# Information supplied
════════════════════

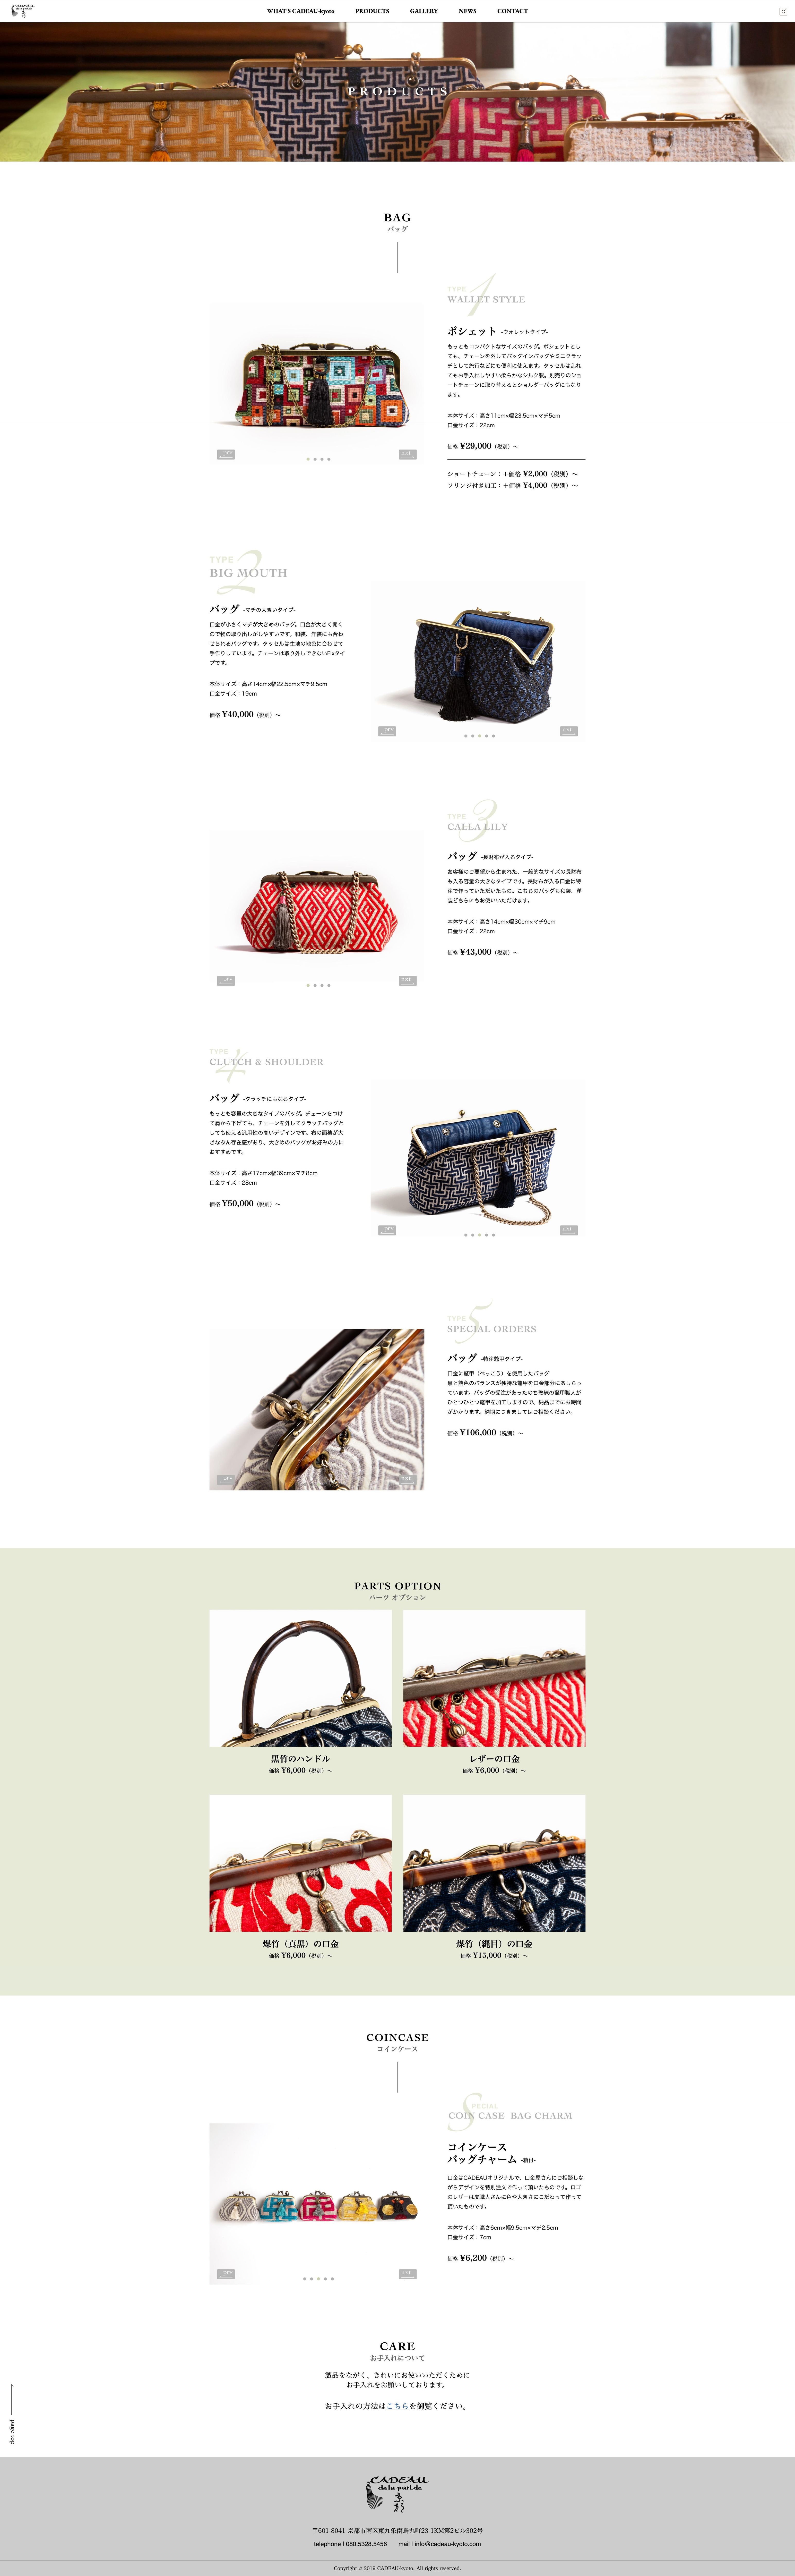 fireshot-capture-004-products-ca
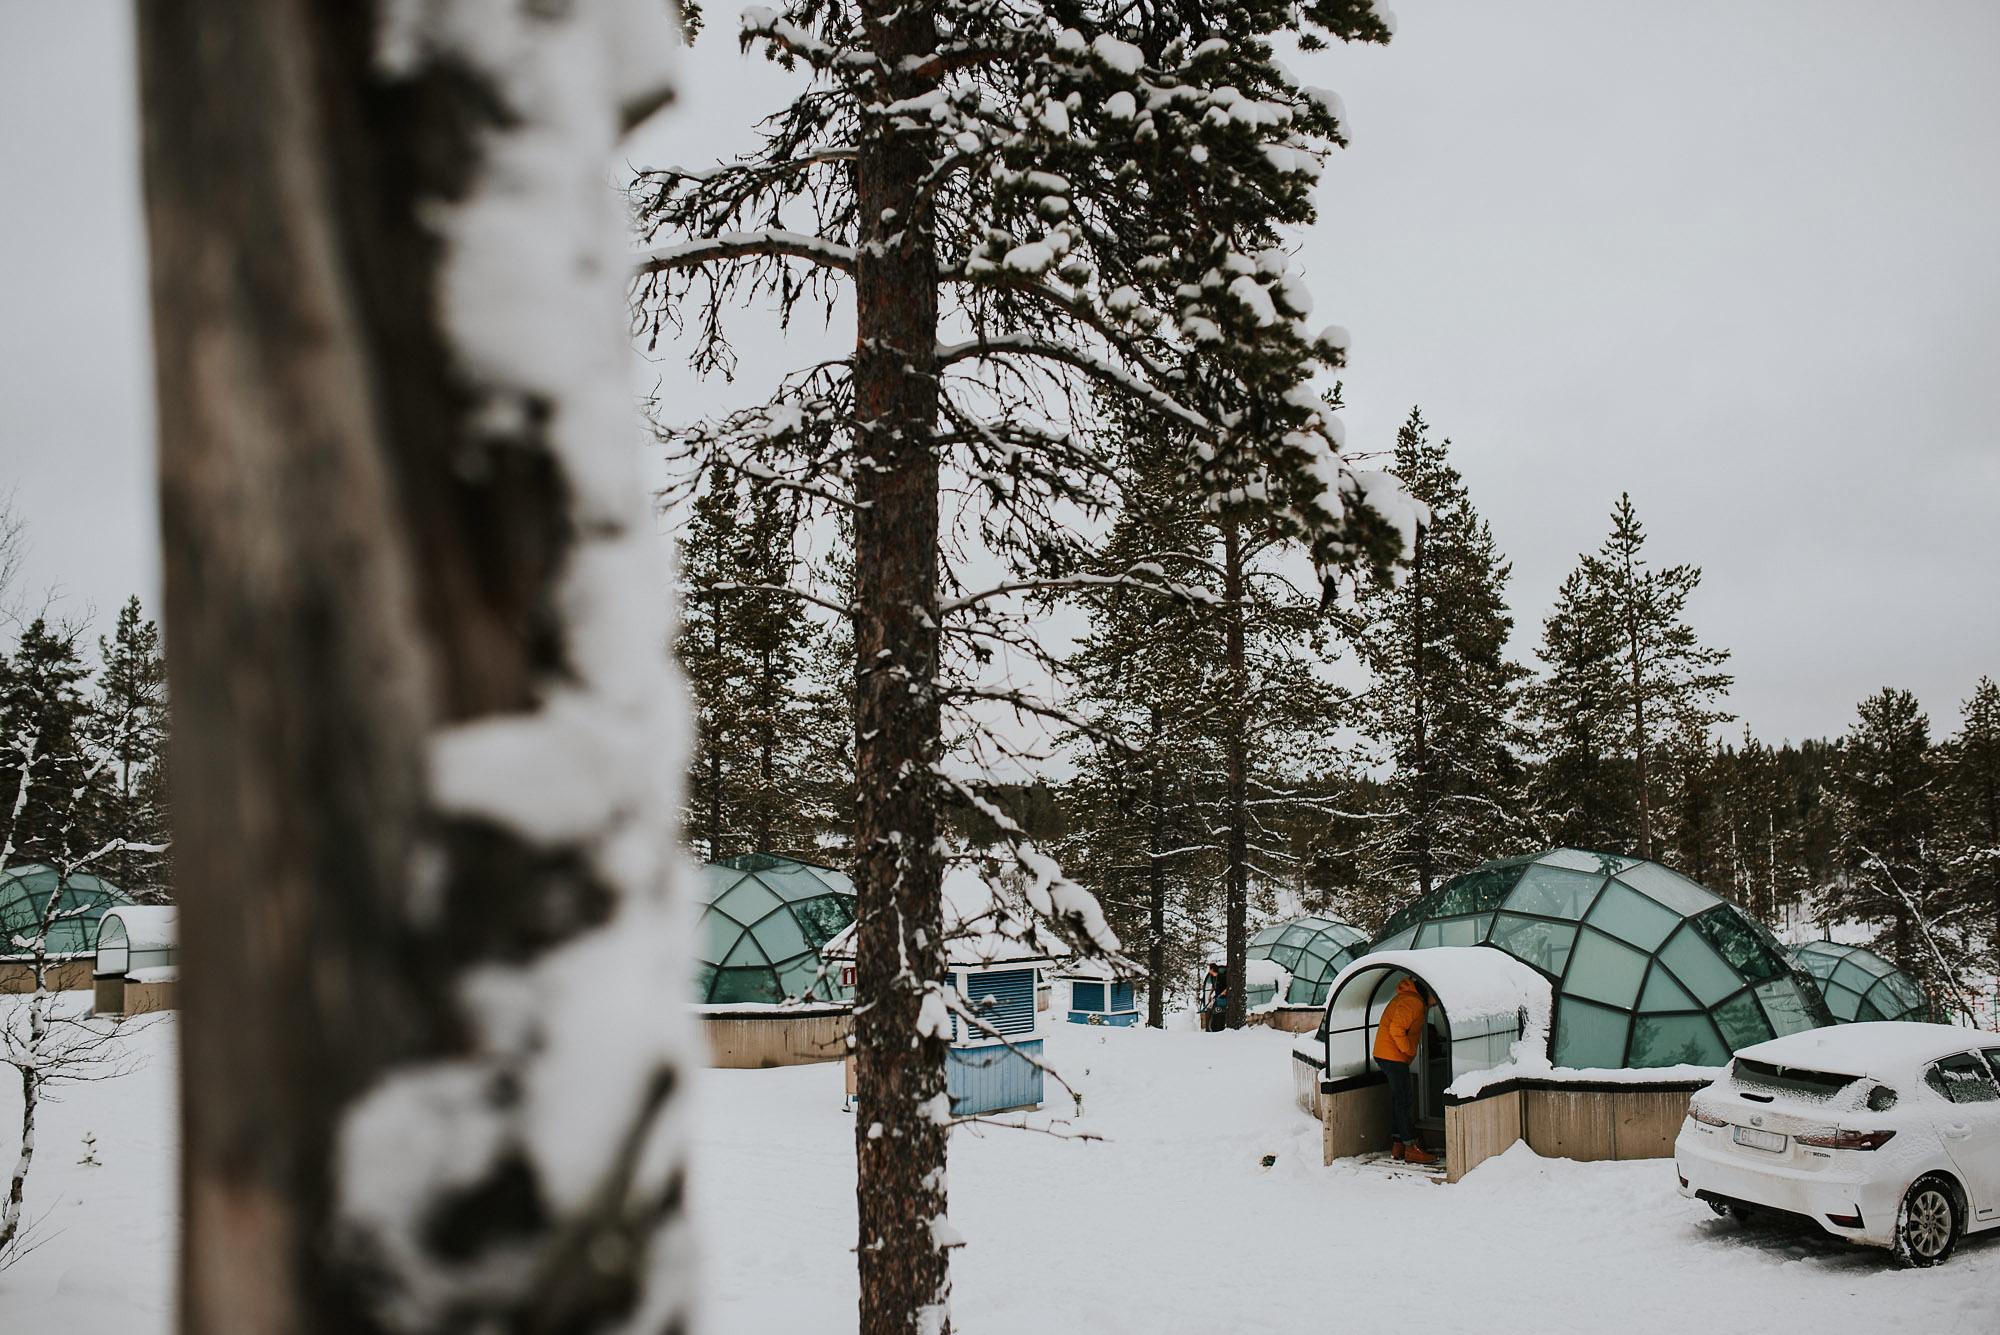 levi-ice-chapel-weddings-lapland-finland-photographer-jere-satamo-008-blog.jpg
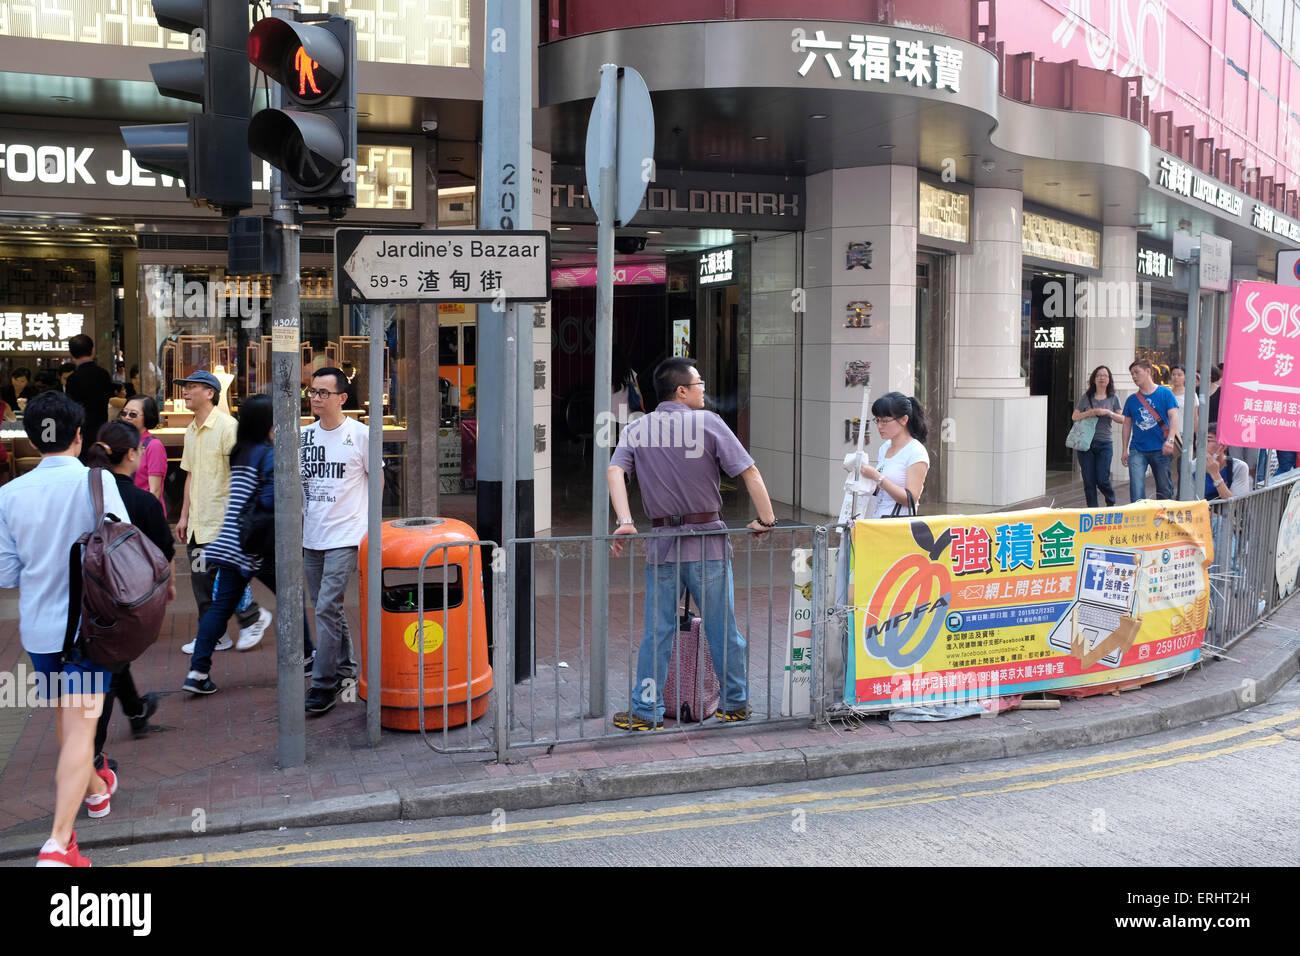 Street scene, Causeway Bay, Hong Kong SAR, China - Stock Image

════════════════════

# Required action
Leave out the pictures and give the listing above again exactly.

# Answer to the problem
 fireshot-capture-004-products-ca
 levi-ice-chapel-weddings-lapland-finland-photographer-jere-satamo-008-blog.jpg
 Street scene, Causeway Bay, Hong Kong SAR, China - Stock Image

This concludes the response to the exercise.